REQUIRED WORK >> In the listing that follows, the range to quote begins at the line that has "Seagate Backup Plus" and ends after the line that has "Ute Schäfer - Steuerberater"; quote it verbatim and add nothing.

DATA TO EXAMINE >>
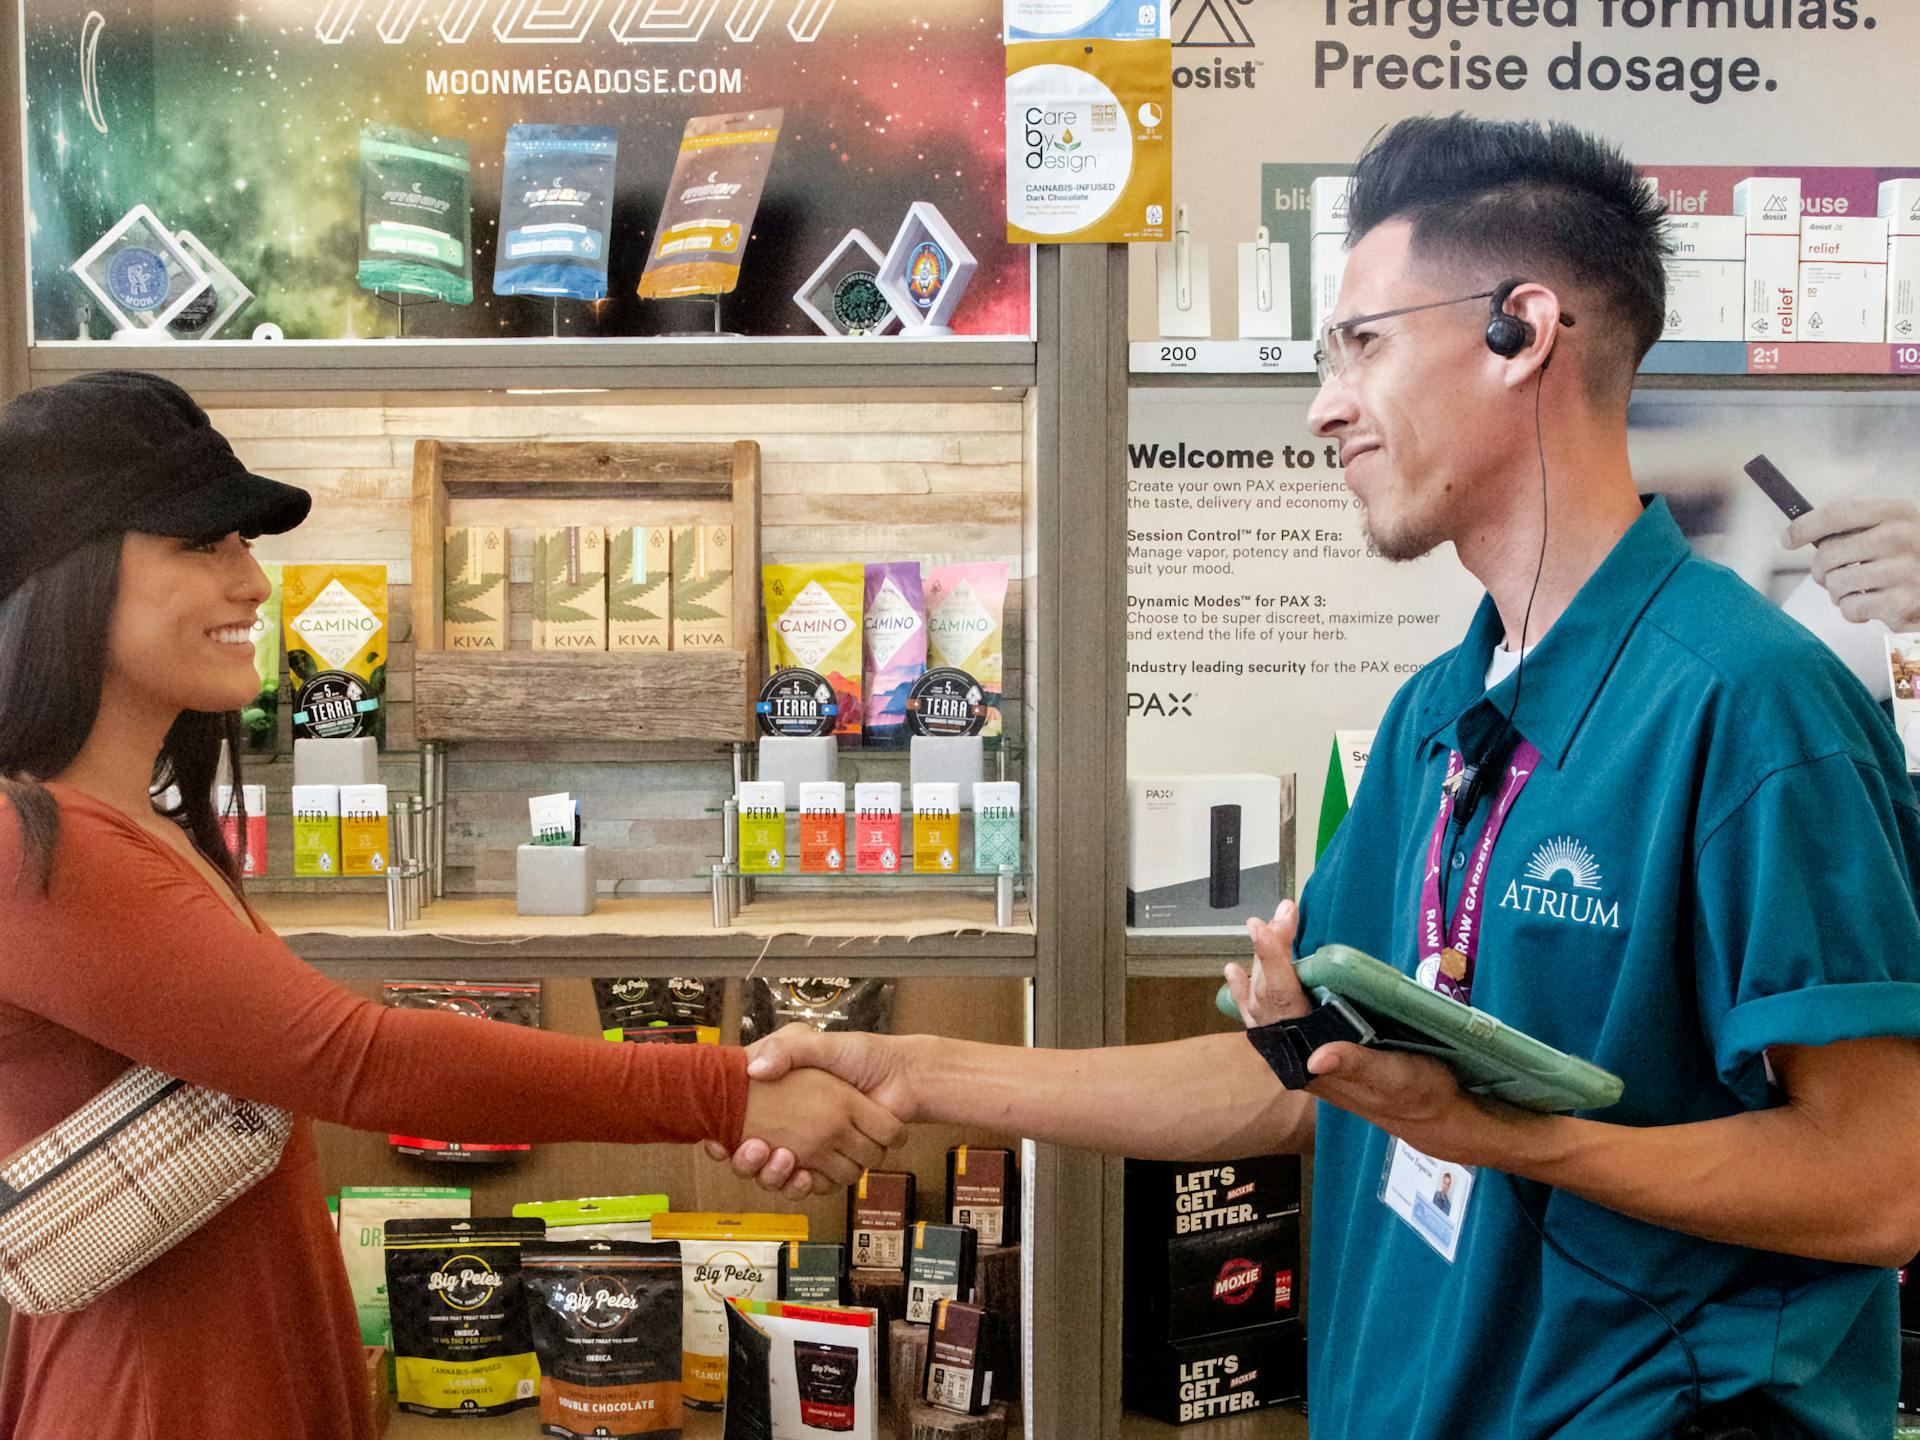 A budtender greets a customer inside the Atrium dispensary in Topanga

---

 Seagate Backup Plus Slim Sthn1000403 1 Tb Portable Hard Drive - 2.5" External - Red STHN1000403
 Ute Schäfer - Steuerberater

ANSWER SPACE >>
 Seagate Backup Plus Slim Sthn1000403 1 Tb Portable Hard Drive - 2.5" External - Red STHN1000403
 Ute Schäfer - Steuerberater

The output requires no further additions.